Historical context: N13.2 is typically assigned when CT scan, ultrasound, or other imaging demonstrates:
- Hydronephrosis (kidney swelling with dilated collecting system)
- Obstruction from calculi (stones visible in renal pelvis, calyces, or ureter)
- Obstructed urine flow causing the swelling
Code Details
- Code set: ICD-10-CM
- Full code: N13.2
- Title: Hydronephrosis with renal and ureteral calculous obstruction
- Code type: Billable/specific combination diagnosis code
- Clinical category: Obstructive uropathy (N13 block)
- Code characteristics: Excludes 1 with N20.x codes - cannot use together
⚠️ CRITICAL CODING RULE: Excludes 1 with N20.x
FUNDAMENTAL RULE: N13.2 has an Excludes 1 note with all N20 codes (N20.0, N20.1, N20.2, N20.9).
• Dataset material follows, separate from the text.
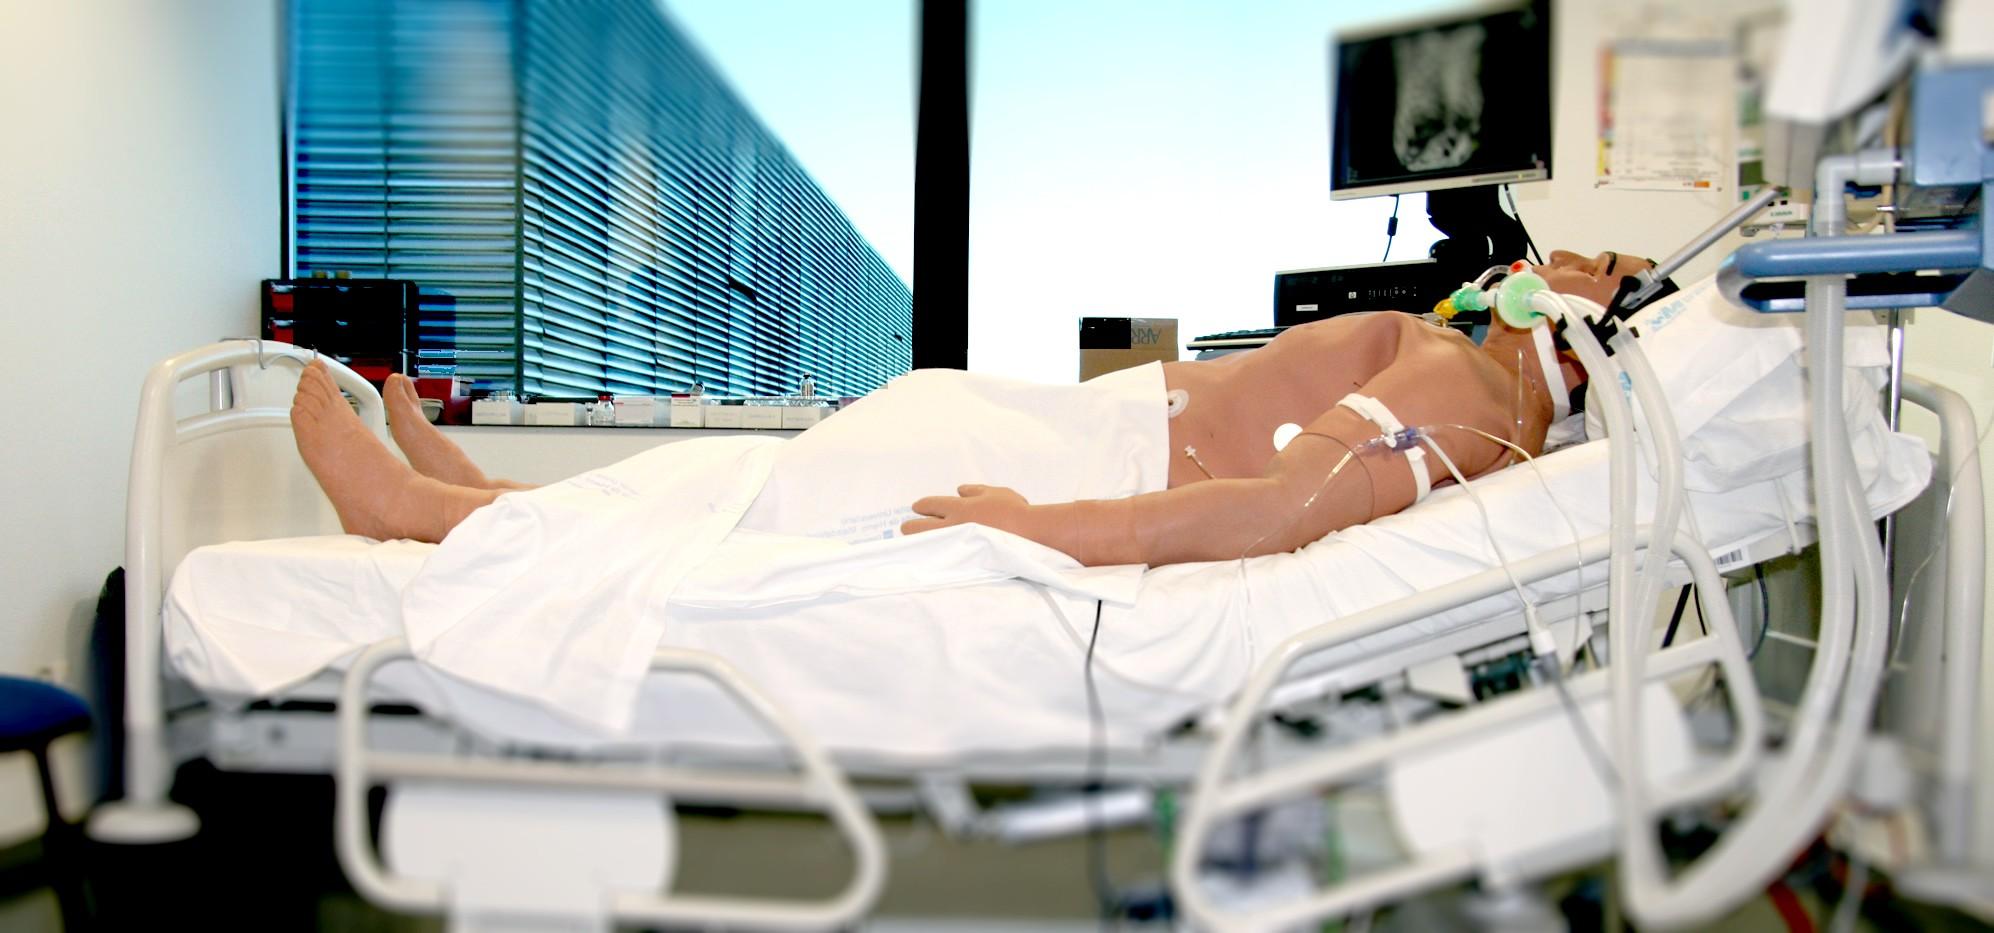 Maniquies de alta tecnología para la simulación clínica

This means:
- You CANNOT report N13.2 and N20.x codes together for the same patient encounter
- Violating this rule = automatic claim denial
- Per ICD-10-CM guidelines, you assign only the code referenced in the Excludes 1 note
Decision Rule:
- IF hydronephrosis is documented → Use N13.2 (NOT N20.x)
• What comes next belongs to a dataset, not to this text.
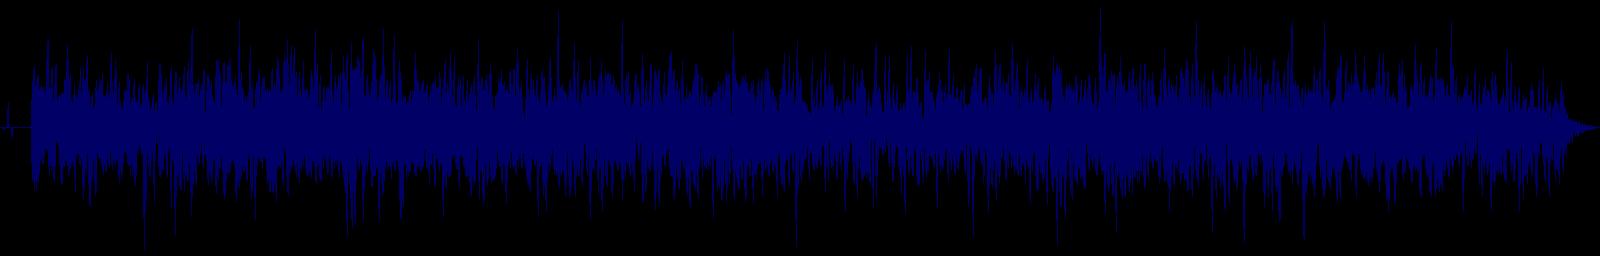 waveform of track #151463

- IF stone present WITHOUT hydronephrosis → Use appropriate N20.x code
- IF unsure whether obstruction/hydronephrosis present → Query provider for clarity
Example of INCORRECT coding:
- ❌ N13.2 + N20.0 on same claim = denial
- ❌ Reporting both for patient with obstructing stone = compliance violation
Example of CORRECT coding:
- ✅ N13.2 only (includes stone + hydronephrosis)
- ✅ N20.0 only (if stone present but no obstruction documented)
When to Use N13.2
Use N13.2 when ALL of the following are documented:
- Imaging evidence of hydronephrosis: CT, ultrasound, or MRI showing kidney swelling and/or dilated collecting system
- Calculous obstruction confirmed: Stones visible within kidney/ureter on imaging causing the obstruction
- Obstructive relationship: Provider documentation indicating stone is causing the obstruction and hydronephrosis
- Current encounter diagnosis: Active, ongoing condition being evaluated/treated
Common documentation phrases supporting N13.2:
- “Obstructing right renal stone with hydronephrosis”
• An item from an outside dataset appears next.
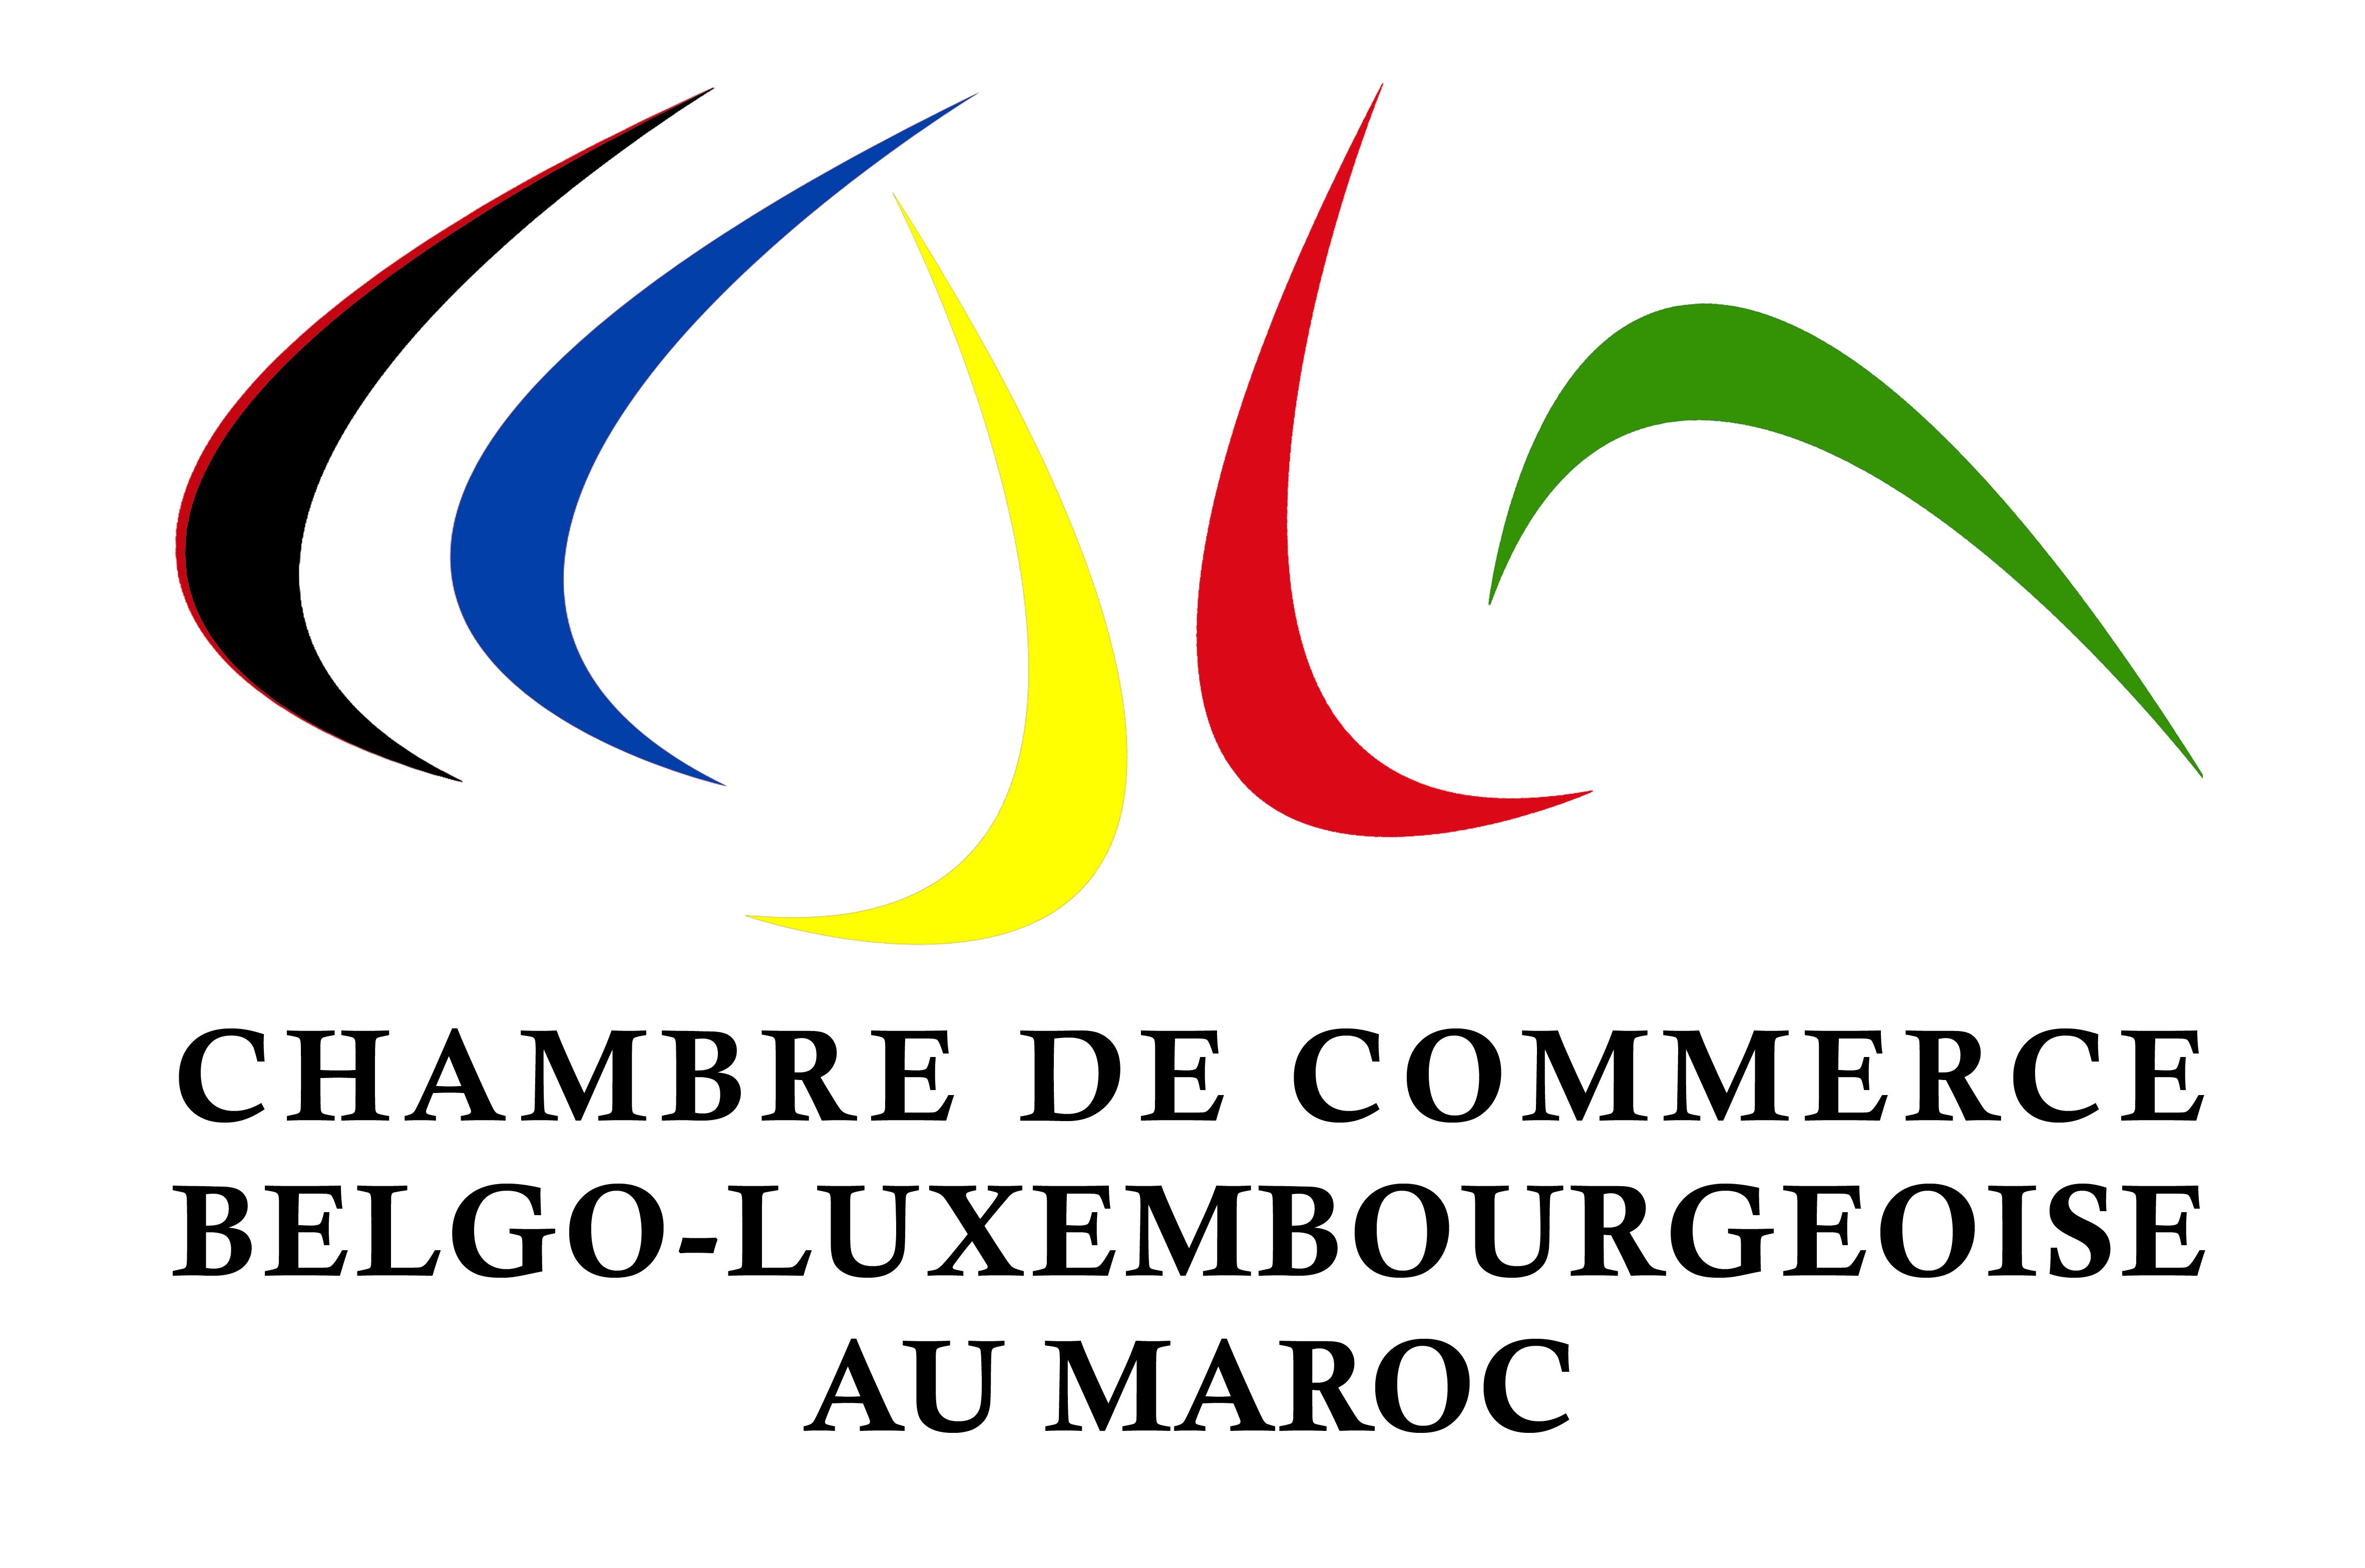 Chambre de Commerce Belgo-Luxembourgeoise au Maroc

- “Left ureteral calculus with calyceal dilation and hydronephrosis”
- “Staghorn calculus with obstructive hydronephrosis”
- “Stone-induced hydronephrosis requiring intervention”
- “2.5 cm lower pole stone obstructing right ureter with hydronephrosis”
When NOT to Use N13.2
Do NOT use N13.2 when:
- No hydronephrosis documented: Use N20.0, N20.1, or N20.2 instead
- Non-obstructing stone: “Incidental nonobstructing stone” → use N20.0/N20.1, NOT N13.2
- Obstructed SOLELY by ureter stricture (not stone): Use N13.1 instead
- Hydronephrosis + stone WITH infection present: Consider N13.6 (pyonephrosis with stone) if infected/pus present
- Stone in kidney only, no ureter involvement, no obstruction: Use N20.0
Related Calculus & Hydronephrosis Codes (Quick Reference)
| Code | Description | When Used |
|---|---|---|
| N20.0 | Calculus of kidney | Stone limited to kidney, NO obstruction/hydronephrosis |
| N20.1 | Calculus of ureter | Stone confined to ureter, NO obstruction/hydronephrosis |
| N20.2 | Calculus of kidney with calculus of ureter | Stones in both locations, but NO obstruction/hydronephrosis |
| N20.9 | Urinary calculus, unspecified | Location unclear; avoid when more specific info available |
| N13.2 | Hydronephrosis with renal and ureteral calculous obstruction | Stone(s) CAUSING hydronephrosis/obstruction |
| N13.6 | Pyonephrosis (+ stone) | Hydronephrosis with calculus AND infection (pus) |
| N13.0 | Hydronephrosis with ureteropelvic junction obstruction | Hydronephrosis from UPJ obstruction (not stone) |
| N13.1 | Hydronephrosis with ureteral stricture | Obstruction from stricture (not stone) |
| N23 | Unspecified renal colic | Renal colic symptoms when stone NOT confirmed |
Combination & Companion Code Patterns
Stone + Hydronephrosis + Different Sides
Scenario: Right obstructing stone with hydronephrosis (N13.2-RT) AND left nonobstructing stone (N20.0-LT)
- N13.2-RT (right hydronephrosis with stone obstruction)
- N20.0-LT (left kidney stone, no obstruction)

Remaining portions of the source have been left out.